McConnell Casts Doubt on Border Deal, Saying Trump Opposition May Sink It
The emerging bipartisan border deal is hitting fresh snags among Republicans on Capitol Hill because of the opposition of former President Donald J. Trump, who is closing in on his party’s presidential nomination at a critical time for the agreement.
Senator Mitch McConnell of Kentucky, the minority leader, told Republicans privately on Wednesday that the politics of the issue had been complicated by Mr. Trump’s rise and his hostility to the agreement, putting the party “in a quandary,” according to lawmakers who participated in the meeting and described his comments on the condition of anonymity.
The remarks, reported earlier by Punchbowl News, were striking coming from a Republican who has toiled to distance himself and his party from the former president. Mr. McConnell has vociferously backed the proposed border compromise and has been a chief proponent of a stalled effort to send tens of billions of dollars in military aid to Ukraine, which Republicans have said must be tied to the deal.
Mr. McConnell’s abrupt change in tone reflected the increasingly difficult challenge facing Senate negotiators as they race to finalize immigration legislation that the former president is already actively campaigning against.
Mr. Trump has encouraged Republicans to reject any border deal “unless we get EVERYTHING” the party has demanded, fueling the opposition of Republican lawmakers who have argued that the bipartisan proposal, which includes measures to increase deportations and make it more difficult to claim asylum, doesn’t go far enough.
His opposition has made it more difficult to secure the support of a majority of Senate Republicans for an eventual deal, the threshold that backers say they must meet in order to persuade the House to take it up. Even if it meets that bar in the Senate, Speaker Mike Johnson has cast doubt on the prospect that he would bring it to the floor in the House, where hard right lawmakers are vehemently against it.
Mr. McConnell addressed Senate Republicans in a closed-door meeting at the Capitol on Wednesday to discuss the war in Ukraine, in a session convened upon the request of Senator Ron Johnson, Republican of Wisconsin, who is among those raising doubts about the border deal.
“I’m literally not getting any kind of acceptable response, other than, ‘Oh, this is great, you know, we’re getting things we never thought we could get,’” Mr. Johnson said of the border talks this week, questioning whether the proposed restrictions would significantly limit the number of migrants trying to cross the border unlawfully.
Other Republicans have said their party would be unwise to give President Biden a compromise that could help him politically without adequately addressing the issue.
“A ‘deal’ will allow Biden to pretend he’s doing something about the border but it won’t solve the problem,” Senator Marco Rubio, Republican of Florida, wrote on social media on Wednesday.

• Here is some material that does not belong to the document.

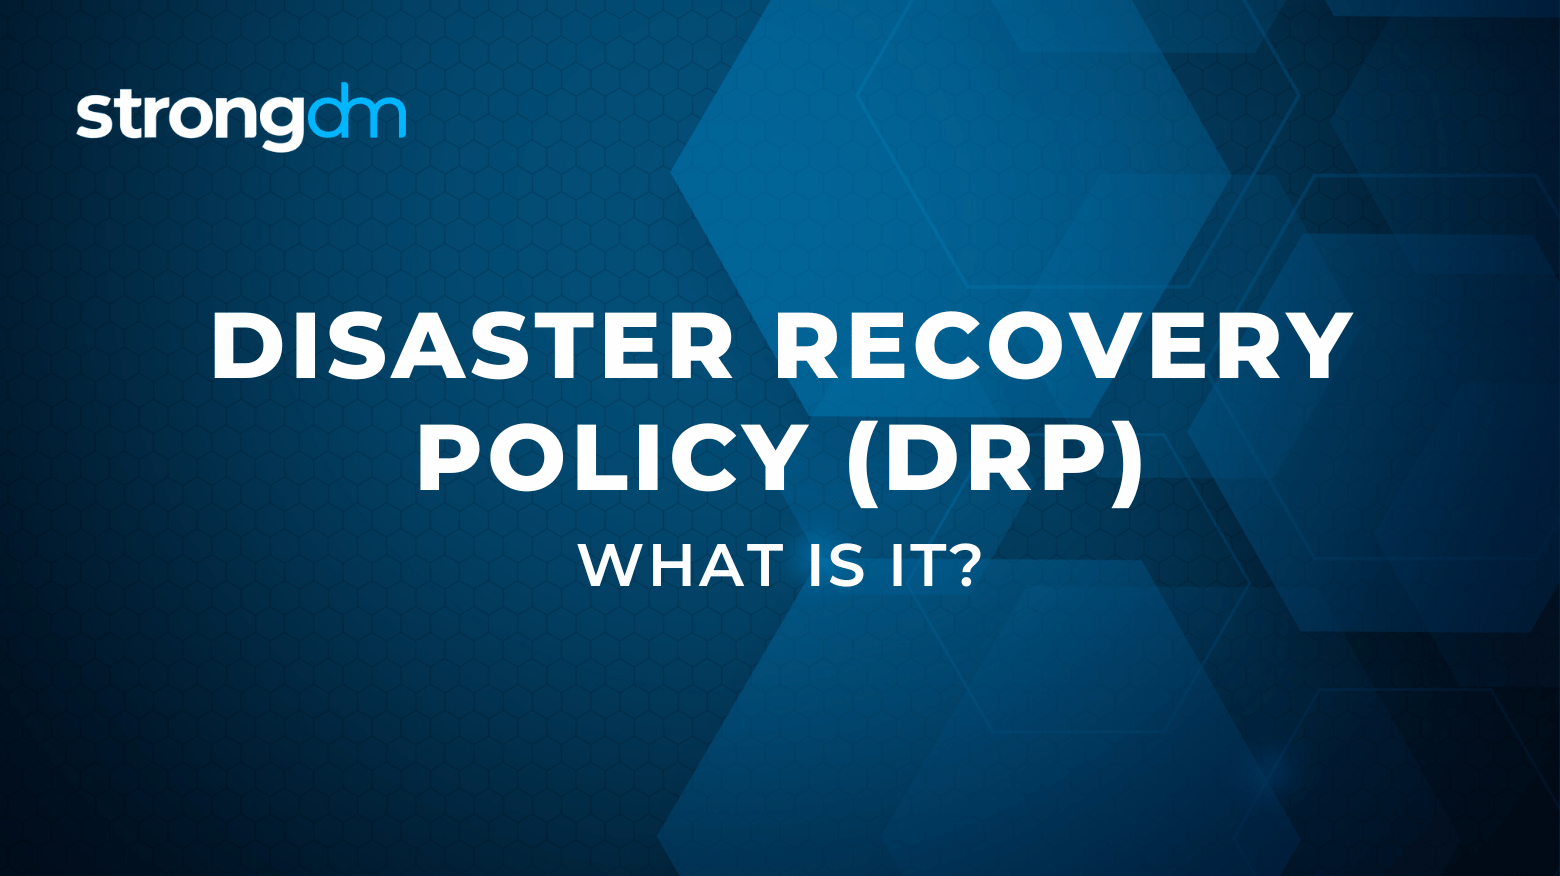 What is Disaster Recovery Policy (DRP)?

Republican proponents of the deal have argued that their party members must take advantage of the unique circumstances they are in, with a Democratic president and a Democrat-led Senate that have been persuaded to accept border security measures without demanding significant trade-offs to extend legal status to undocumented immigrants or increase legal pathways to immigration.
Mr. McConnell has frequently argued that Republicans would have a worse chance of achieving a significant border crackdown if they controlled both chambers of Congress and the White House. On Wednesday, he invoked Mr. Trump’s own complaints from 2018 about the difficultly of securing Democratic votes for border measures to buttress that point.

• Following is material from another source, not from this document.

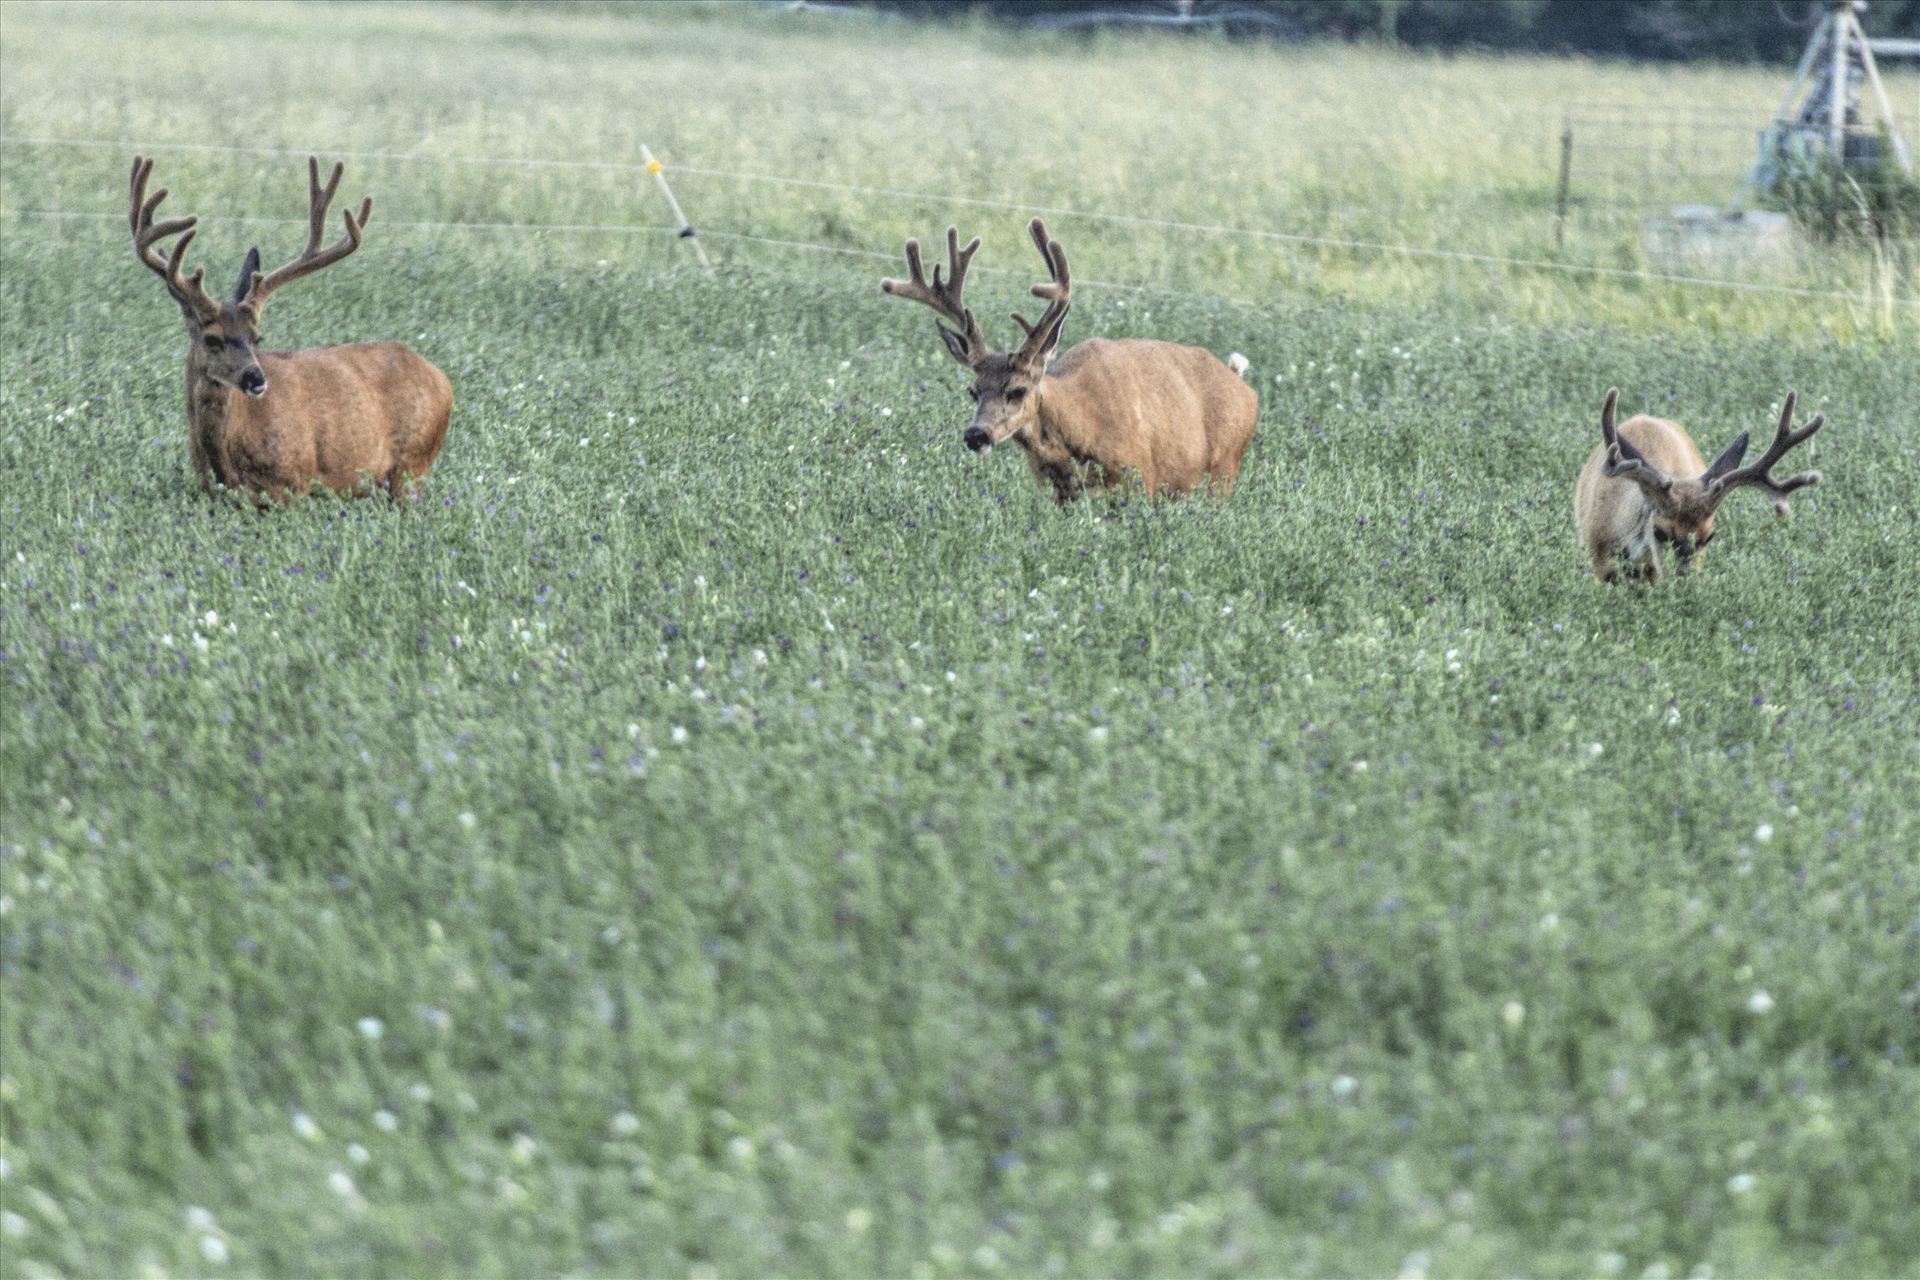 Farm Land BucksEvery chance these bucks get, they are standing in the middle of some of the best alfalfa in the world, feeding and growing.

Still, senators emerged from the meeting conceding that Mr. Trump’s opposition might have doomed an agreement that otherwise would have a good chance of uniting the two parties.
The border deal would draw the support of “probably a majority of Republicans, if they voted their conscience, but there’s more to it than that,” Senator Kevin Cramer, Republican of North Dakota, said after the discussion. Mr. Trump’s “position matters; he’s both a former president and he’s more and more likely the next president.”
Some Republicans were still arguing that the emerging agreement was worth supporting, even if it did not satisfy every last Republican demand.
“It goes far enough for me, and I think if anyone’s intellectually honest with themselves, they know that these would be extraordinary tools for President Trump,” Senator Thom Tillis, Republican of North Carolina, said when exiting the meeting. “We will rue the day if we miss this opportunity.”